* **Try it**
Everything from the line containing "Tried crocheting for" through the last line of the listing below should be returned exactly, except for pictures.

* **Data excerpt**

════════════════

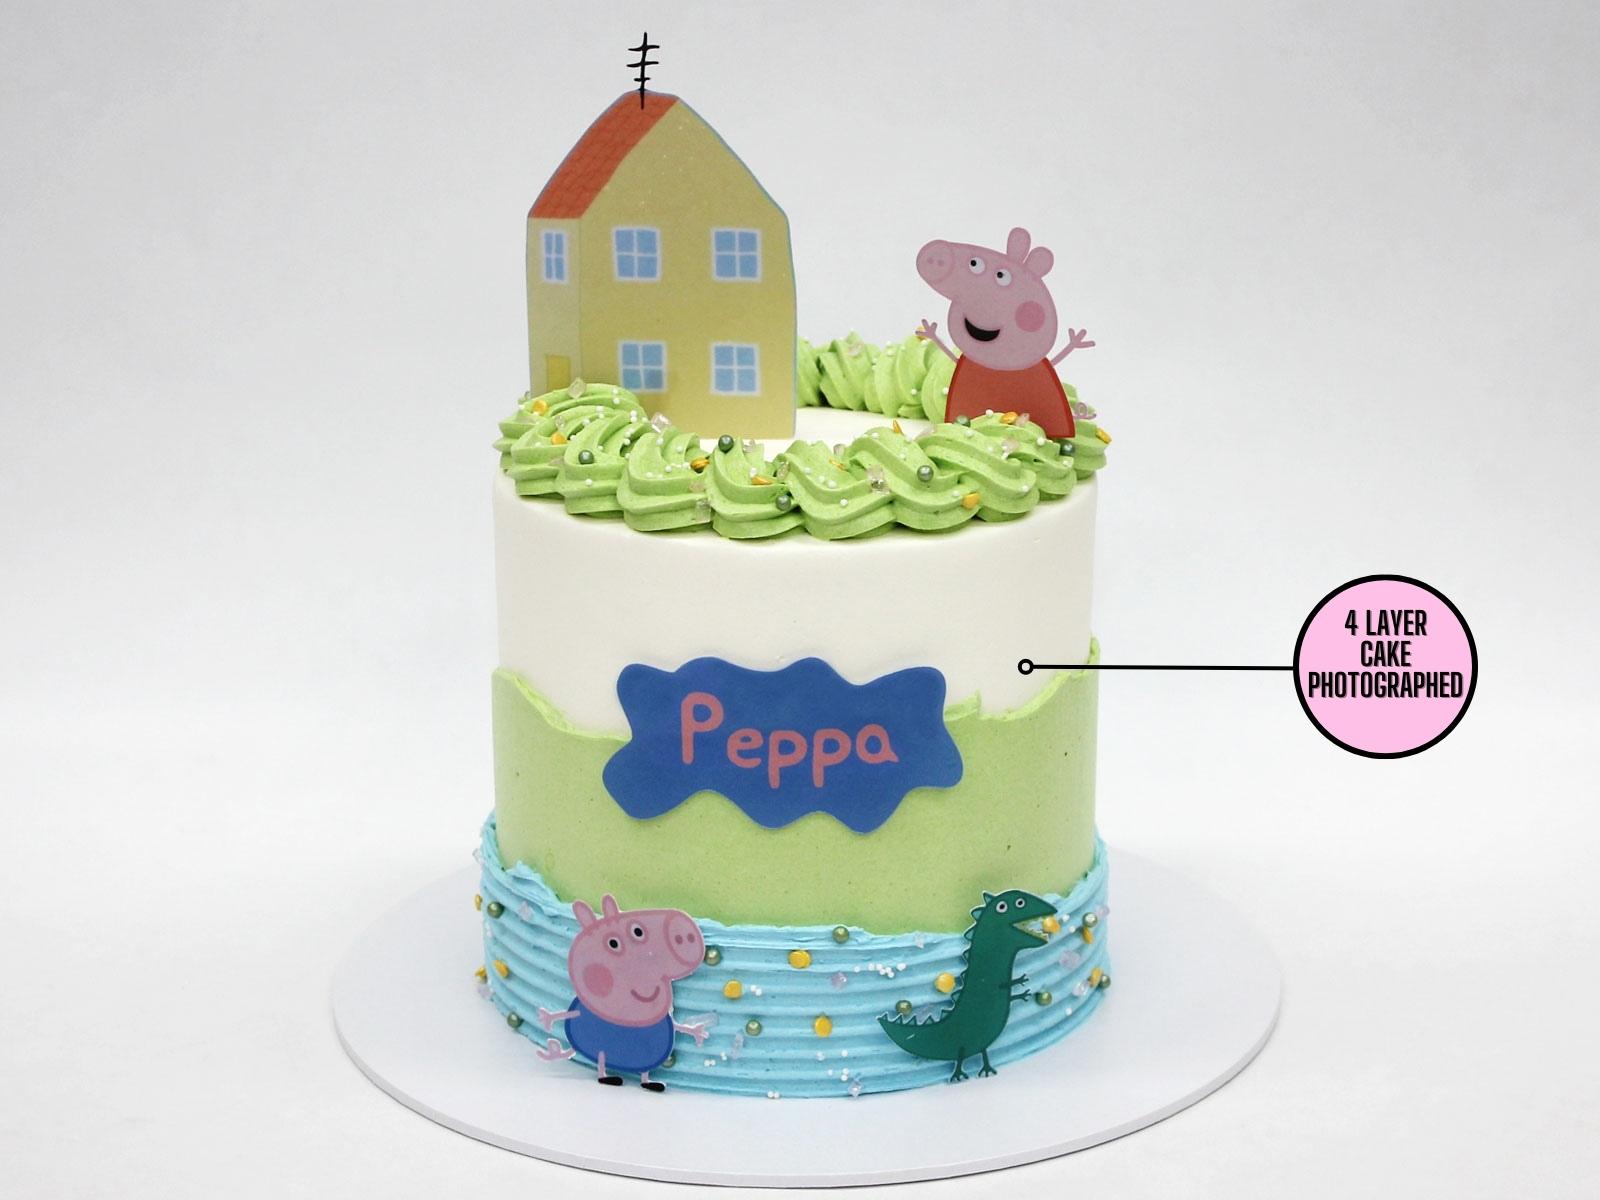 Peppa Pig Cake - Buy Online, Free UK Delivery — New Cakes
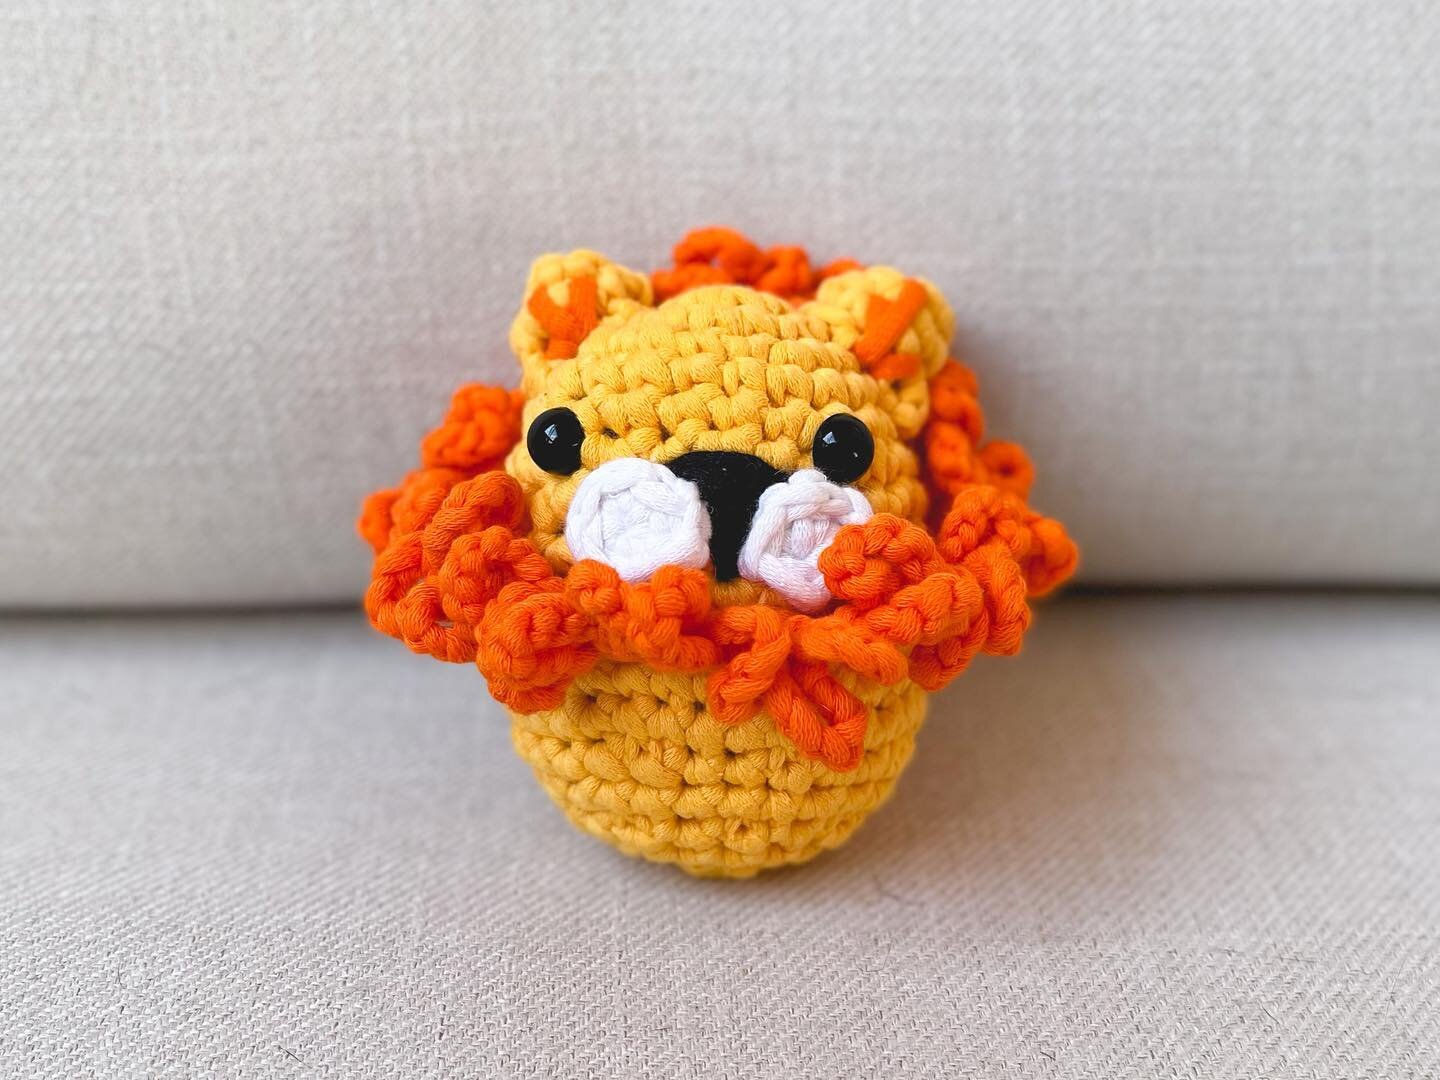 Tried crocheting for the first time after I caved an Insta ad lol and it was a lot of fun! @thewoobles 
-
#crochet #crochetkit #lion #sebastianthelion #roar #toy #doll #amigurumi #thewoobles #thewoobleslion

════════════════

* **Answer area**
 Tried crocheting for the first time after I caved an Insta ad lol and it was a lot of fun! @thewoobles 
-
#crochet #crochetkit #lion #sebastianthelion #roar #toy #doll #amigurumi #thewoobles #thewoobleslion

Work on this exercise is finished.